# stillborn



## whitepoodles (Jul 5, 2010)

Poodleseeker:

A puppy can be still born but it depends how far gone he/she is.

A puppy that may LOOK like a still born may not be necessarily a still born puppy.

If you see that a puppy is born limp and lifeless open its mouth and look at the color of the tongue. IF IT IS WHITE or GRAYISH WHITE you know that the puppy has already died and as such it would not be a point to bring it around as it is too late..

Now.. if hte tongue shows a bit of a pinkish whitish color I would rub the puppy very fast with a coarse towel on his chest and on his back and take the little head in between my index and thum and shake it from top to bottom to give it a good shake because at times a puppy is born lifeless but still has life in him/her. You have to clean it and rub it vigorously to get the heart started again and the lungs going.

IF you see that your efforts to revive the puppy failed after 2 minutes GIVE UP because by that time the lack of oxygen to the brain will affect this puppy's growth.

What has happened to me once is that I did have such a puppy, I rubbed his body all over wtih the towel I dried him I even gave it a smack on its rear to cause a reflext to breath and also pinched his tongue to shock him into pain and to start breathing.. 
After 2 mintues I gave up fearing the worst due to lack of oxygen to the brain. I wrapped it immediately in paper and threw it deep into the garbage can, or should I say DROPPED him from above all the way to the bottom of the large garbage can...
After about a second I heard a huge cry and guess what.. this puppy came around and has developed into a normal healthy puppy.

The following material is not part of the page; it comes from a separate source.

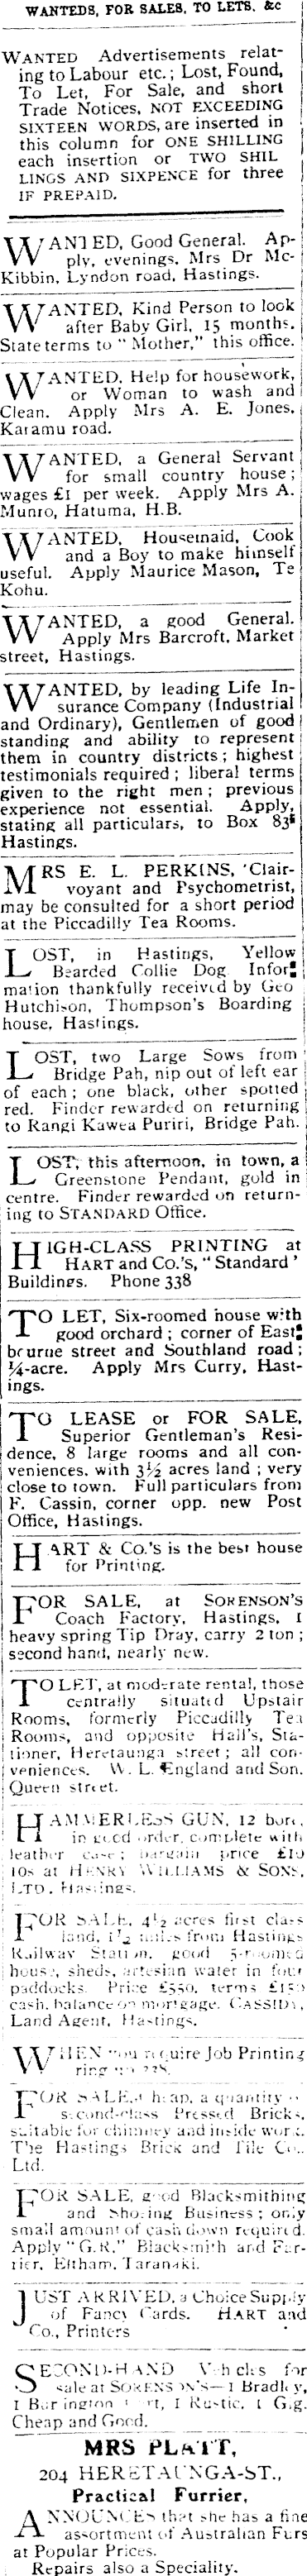 Papers Past Newspapers Hastings Standard 30 April 1910 Page 1 Advertisements Column 5

MIracles do happen but the majority of time most puppies you work on vigorously for 2 mintues and cant bring around.. will be affected by lack of oxygen and the best thing is to just let them go.

Hope this helps.


----------



## cbrand (Aug 9, 2009)

I'm not sure. However, I would think you might be able to observe any potential long term problems by eight weeks. Does the puppy have issues with coordination? Does the puppy seem slow to problem solve or to learn new tasks?


----------



## Fluffyspoos (Aug 11, 2009)

Thanks for the honest, straight to the point answer with all the details, Ora! ^^


----------



## wishpoo (Sep 12, 2009)

I would think that if severe damage to the brain happened it would be seen immediately ( I once observed a kitten that was still-born , but revived). Kitten was showing lethargy and was much slower in movement and had trouble nursing and unfortunately had to be euthanized the same day. 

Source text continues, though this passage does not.